Communities of practice in agriculture can encompass a multitude of subjects and one of them is related to preserving cultural and biodiversity heritages. Diverse agrifood products traditionally grown by local populations are also getting more attention worldwide and also in Brazil. Agrobiodiversity data standards are needed to properly represent and make sense of such data and that is being improved by collaborative work from several organizations. Collaboration is also the motivation behind the creation of a national GO-FAIR implementation network focused on agriculture in Brazil. All of this work will benefit if the IGAD CoP can include new voices from the field.

4 Concluding Remarks

Communities of practice in agriculture need to share information about regional developments in the use of data intensive activities such as Internet of Things embedded in agricultural machinery or irrigation devices, and the development of decision-making support tools that rely on climatic and remote sensing data sources. A community of practice can ensure that these developments are informed by local farmers’ traditional knowledge and that they preserve and protect cultural and agrobiodiversity. The FAIR and CARE guiding principles help us to move forward towards linked data and bridging gaps that will allow many diverse communities to connect and share experiences for a more sustainable food production environment.
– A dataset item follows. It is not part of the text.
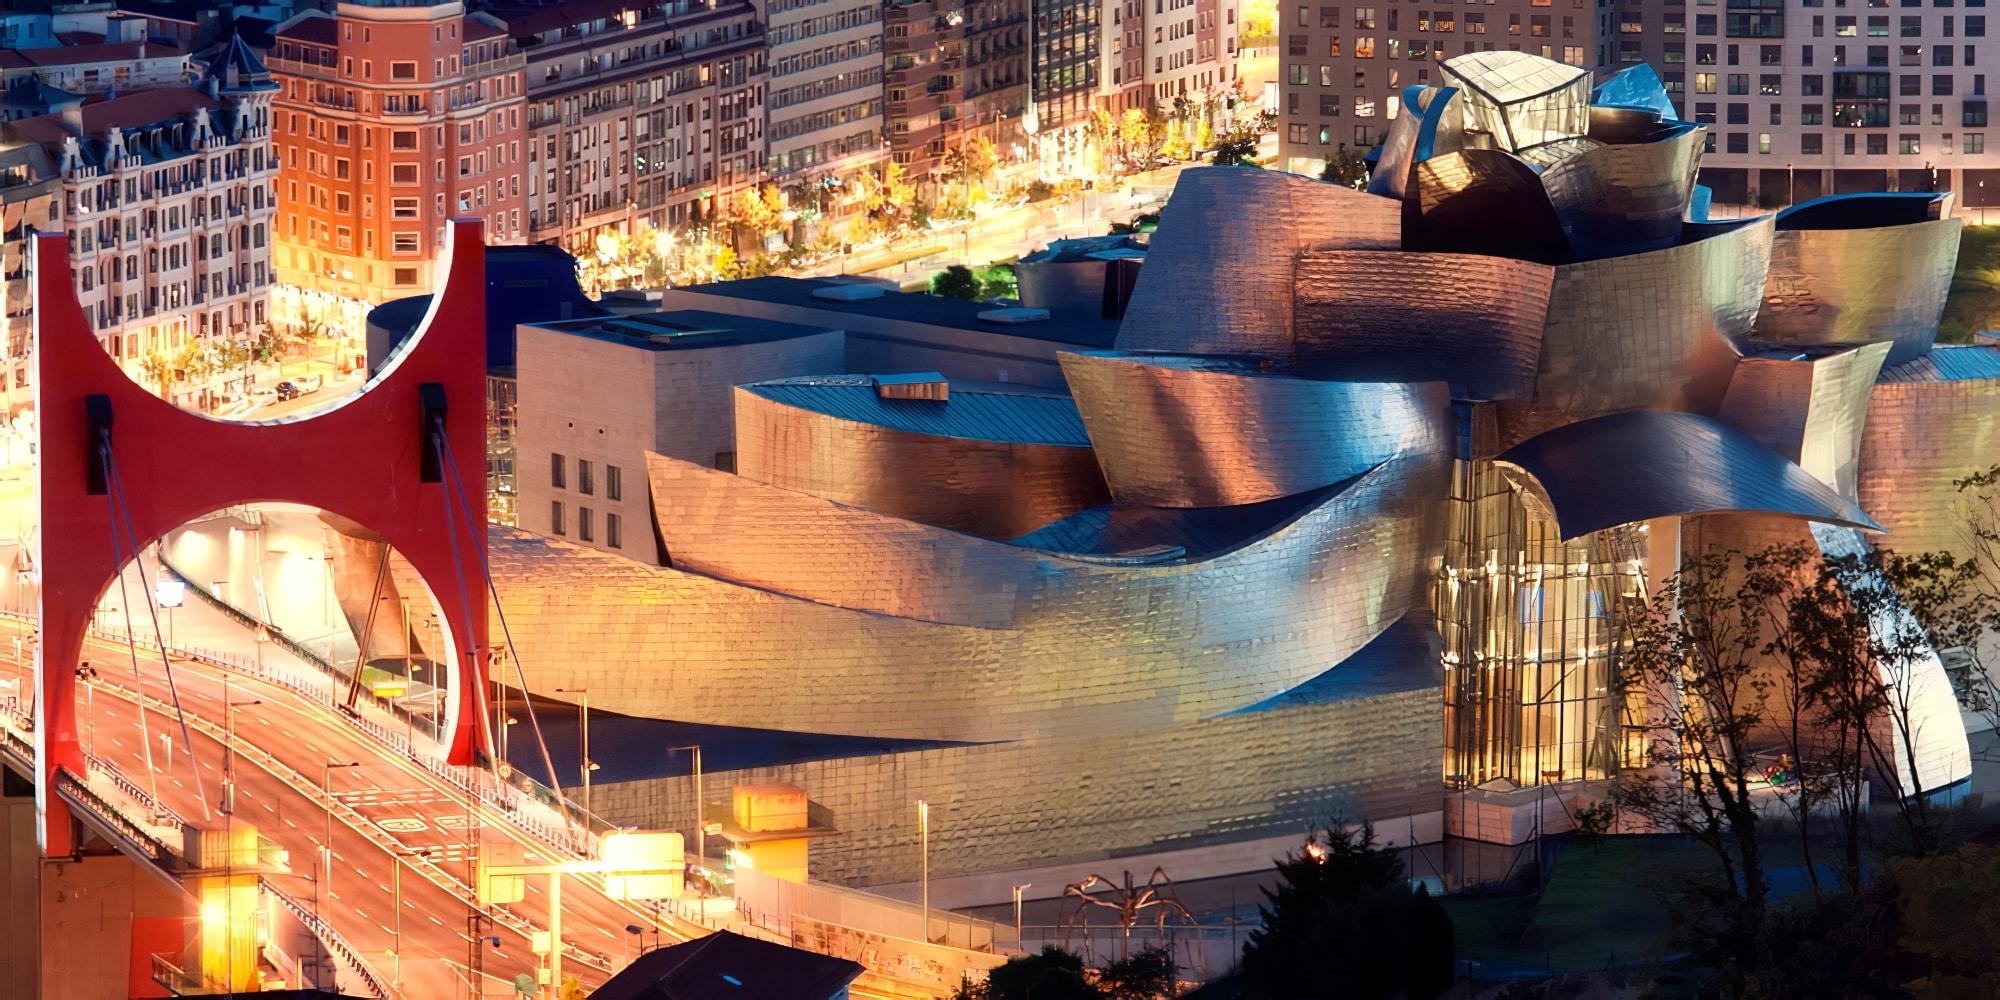 Le Guggenheim à Bilbao

Addressing these challenges, the Research Data Alliance (RDA) has been a home for the Interest Group on Agricultural Data (IGAD) since 2013. This chapter reflected on the lessons learnt from the IGAD community of practice in its attempts to include new voices from around the world. As in Lave and Wenger (1991, p. 100), the focus of the community of practice is to provide the members with “access to a wide range of ongoing activity, old-timers, and other members of the community; and to information, resources, and opportunities for participation”.
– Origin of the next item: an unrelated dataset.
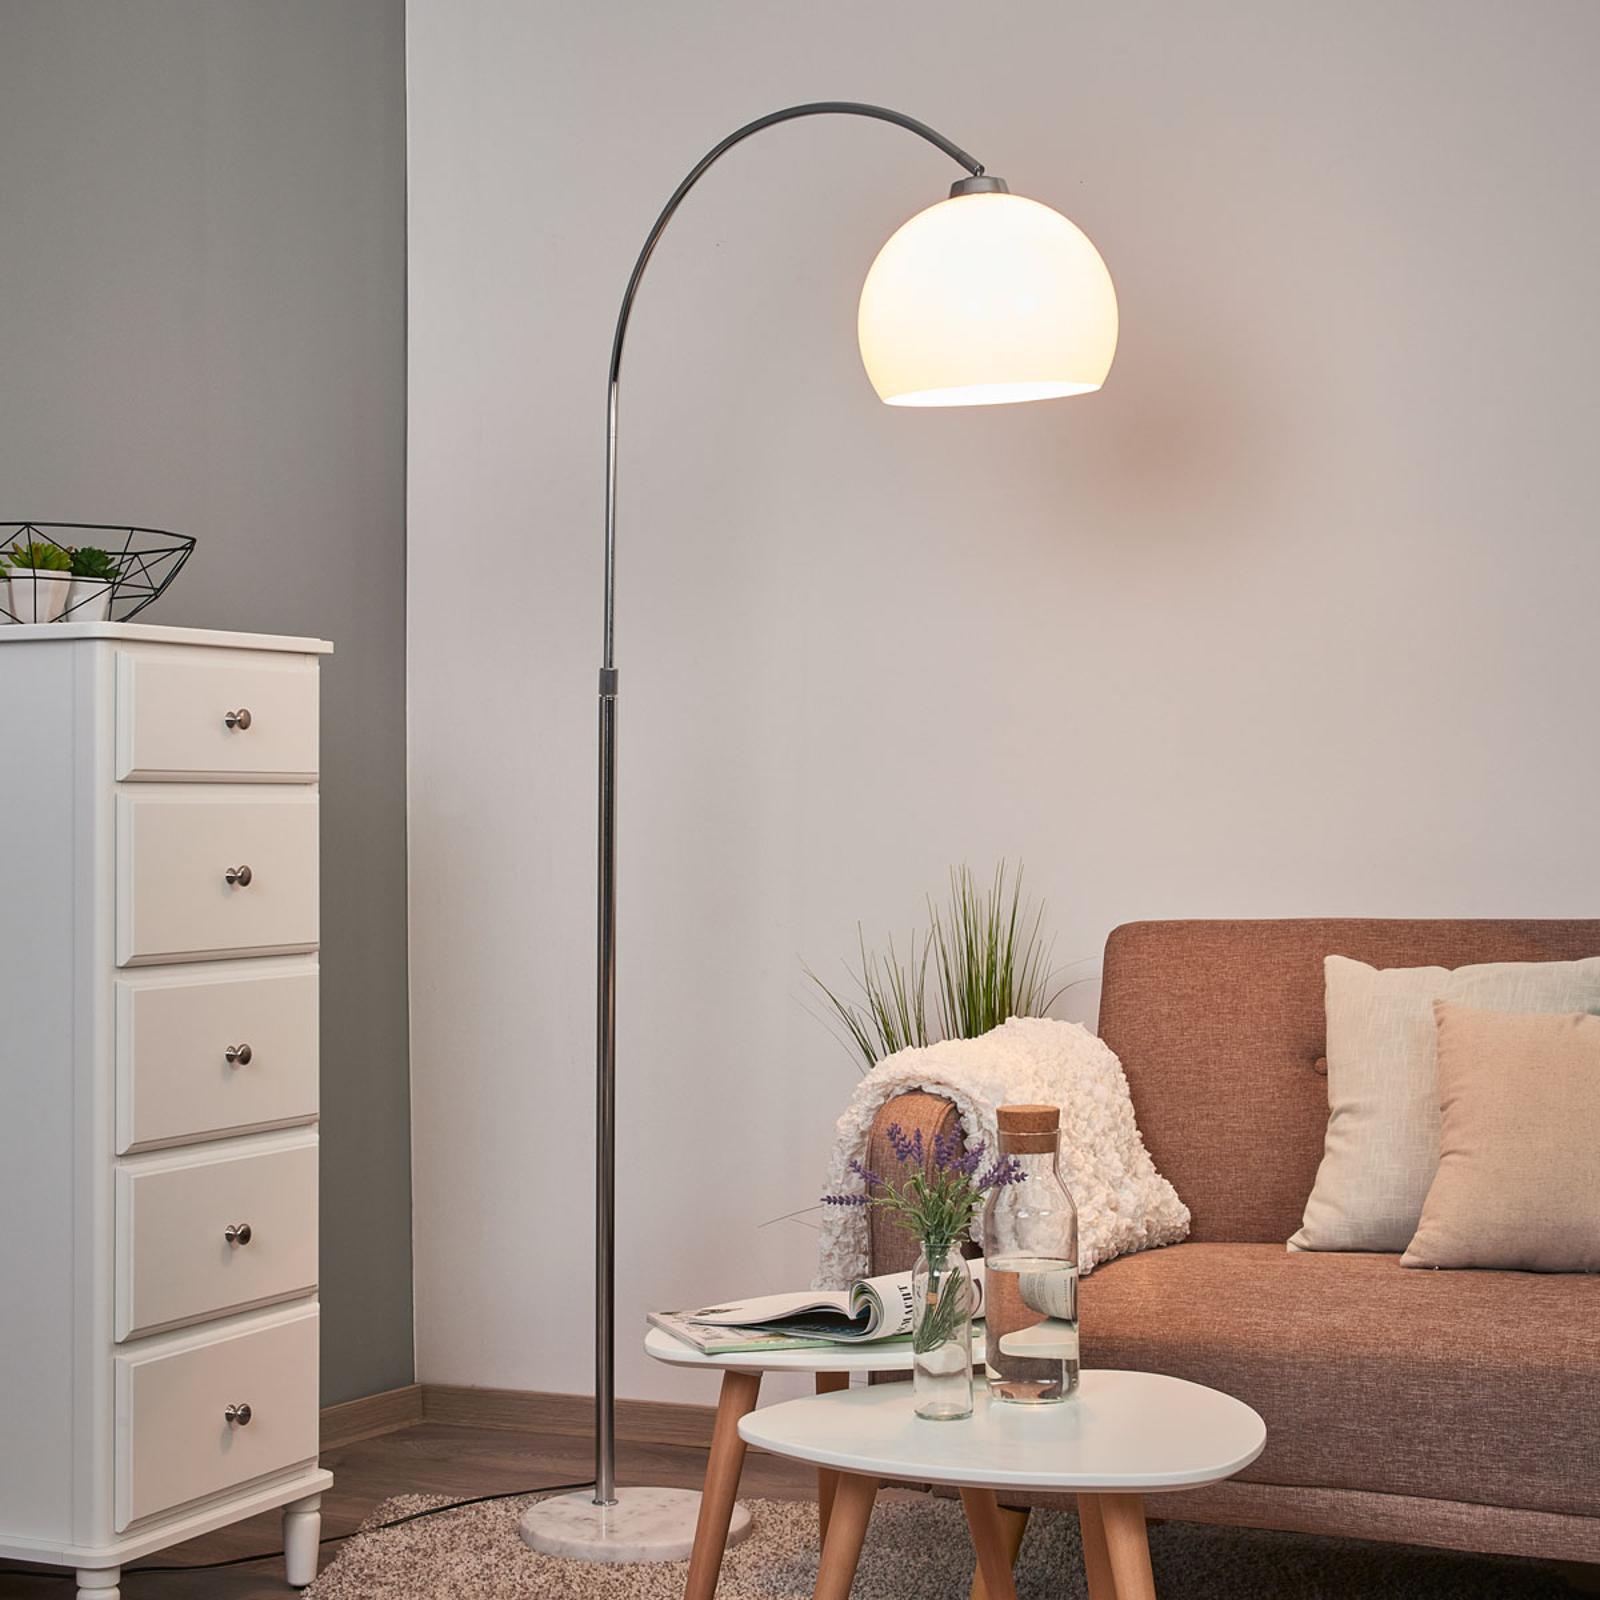 Lampa łukowa Sveri z marmurową stopą, biały klosz

The convening power of the RDA provides many advantages, such as the ability to sustain multiple threads of interdisciplinary work, and worldwide networking. Several important working groups have been supported by IGAD such as an emerging crop data interoperability working group.

IGAD regularly convenes some meetings outside the RDA Plenaries to allow for participation from practitioners with fewer resources. FAIR data (Findable, Accessible, Interoperable, and Reusable) has been a frequent topic of discussion. In recent years, virtual sessions have expanded the conversations even more to enable global participation. For example, in the US, several workshops have addressed the need for progress on issues relating to farmer data ownership and privacy; these are informed by work happening in Europe, but ideas will need to be re-grounded and modified to cultural and legal practices elsewhere. For plant data in particular, ideas about land races and nomenclature from the Biodiversity Information Standards (TDWG) could be combined with the work of the CGIAR institutes to provide more seamless access to indigenous knowledge.

In Brazil, several efforts to support data driven decision-making in the field could serve as models for other IGAD members. For instance, as we have discussed, the Brazilian Agricultural Research Corporation (Embrapa) has implemented data services through APIs that provide real-time data on climate, productivity and most favorable days for planting different crops. Diverse agrifood products traditionally grown by local populations are also getting more emphasis in Brazil and agrobiodiversity data standards are being improved by collaborative work from several organizations.

Collaboration is a keyword behind the creation of a Brazilian GO-FAIR Implementation Network focused on agriculture. Like the Brazilian example, geographic barriers should not prevent the global agricultural research data community from actively participating in the IGAD CoP.